As with other developments in AI, LISP demonstrates how, in addressing
problems in the representation and computational treatment of knowledge,
AI researchers often stretched the limits of computing technology and
were forced to invent new techniques that found their way into
mainstream application.
Early AI researchers interested in logical reasoning and problem solving
needed tools to represent logical formulas, proofs, plans, and
computations on such objects. Existing programming techniques were very
awkward for this purpose, inspiring the development of specialized
programming languages, such as list-processing languages. List
structures provide a simple and universal encoding of the expressions
that arise in symbolic logic, formal language theory, and their
applications to the formalization of reasoning and natural language
understanding. Among early list-processing languages (the name is based
on that phrase), LISP was the most effective tool for representing both
symbolic expressions and manipulations of them. It was also an object
of study in itself. LISP can readily operate on other LISP programs
that are represented as list structures, and it thus can be used for
symbolic reasoning on programs. LISP is also notable because it is
based on ideas of mathematical logic that are of great importance in the
study of computability and formal systems (see Chapter 8).

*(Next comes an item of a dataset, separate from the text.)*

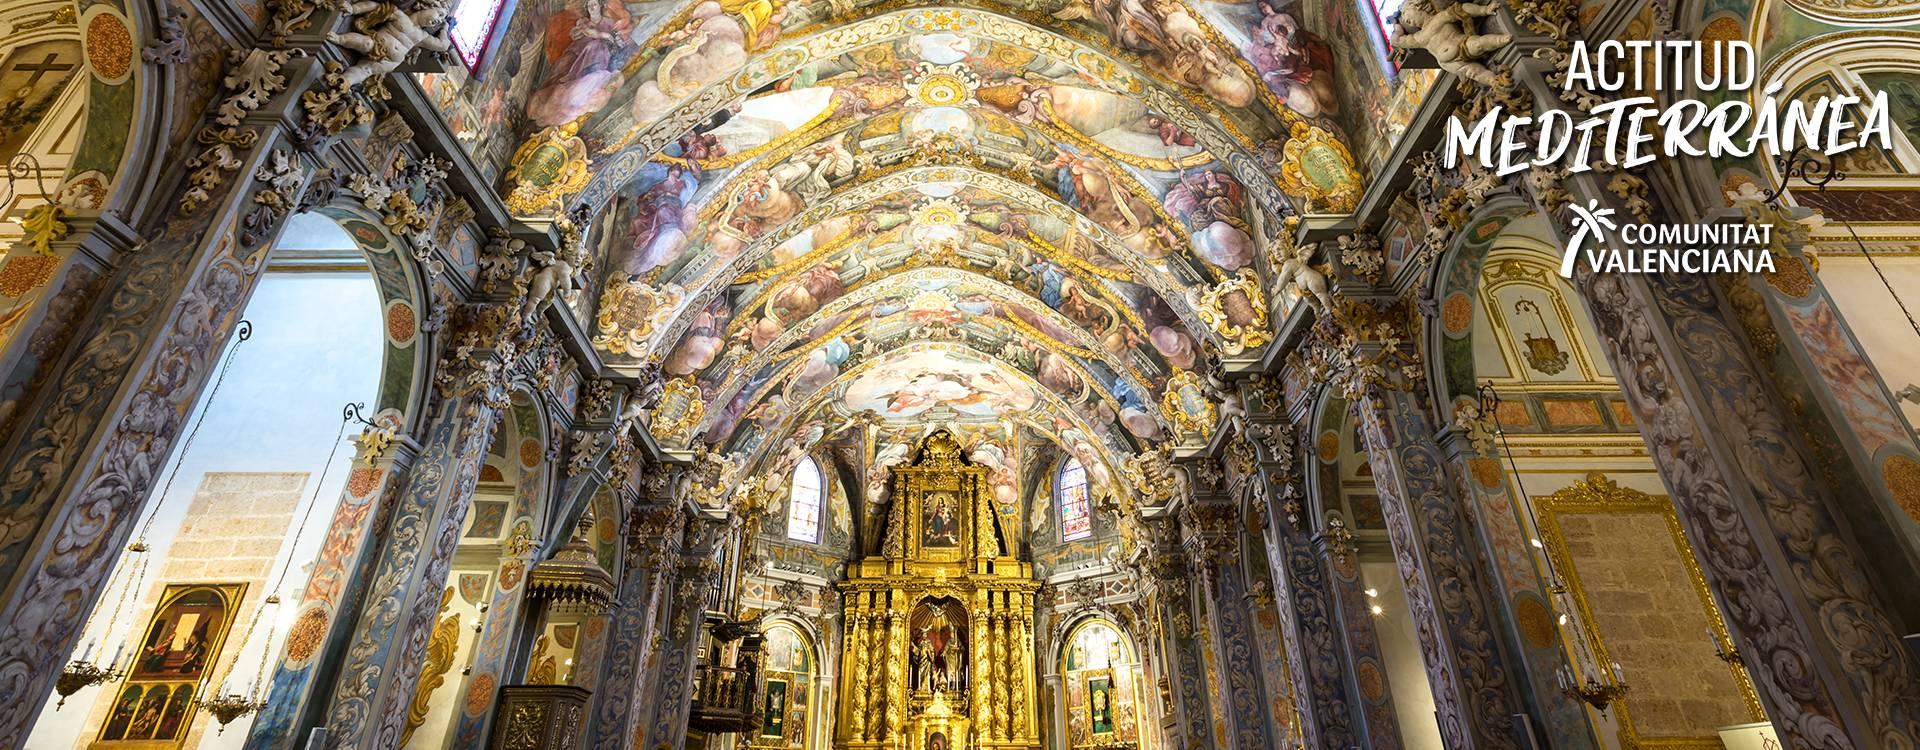 Imagen de La Parroquia de San Nicolás la ‘capilla Sixtina valenciana’

LISP was successful in niche commercial applications. For instance,
LISP is the scripting language in AutoCAD, the widely used
computer-aided design (CAD) program from AutoDesk. But it had much
broader implications for other languages. Effective implementation of
LISP demanded some form of automatic memory management. Thus, LISP had
critical influence far beyond AI in the theory and design of programming
languages, including all functional programming languages as well as
object-oriented languages such as Simula-67, SmallTalk, and, most
notably, Java. This is not just a happy accident, but rather a
consequence of the conceptual breakthroughs arising from the effort to
develop computational models of reasoning. Other examples include
frame-based knowledge representations, which strongly influenced the
development of object-oriented programming and object databases;
rule-based and logic-programming language ideas, which found practical
applications in expert systems, databases, and optimization techniques;
and CAD representations for reasoning with uncertainty, which have found
their way into manufacturing control, medical and equipment diagnosis,
and human-computer interfaces.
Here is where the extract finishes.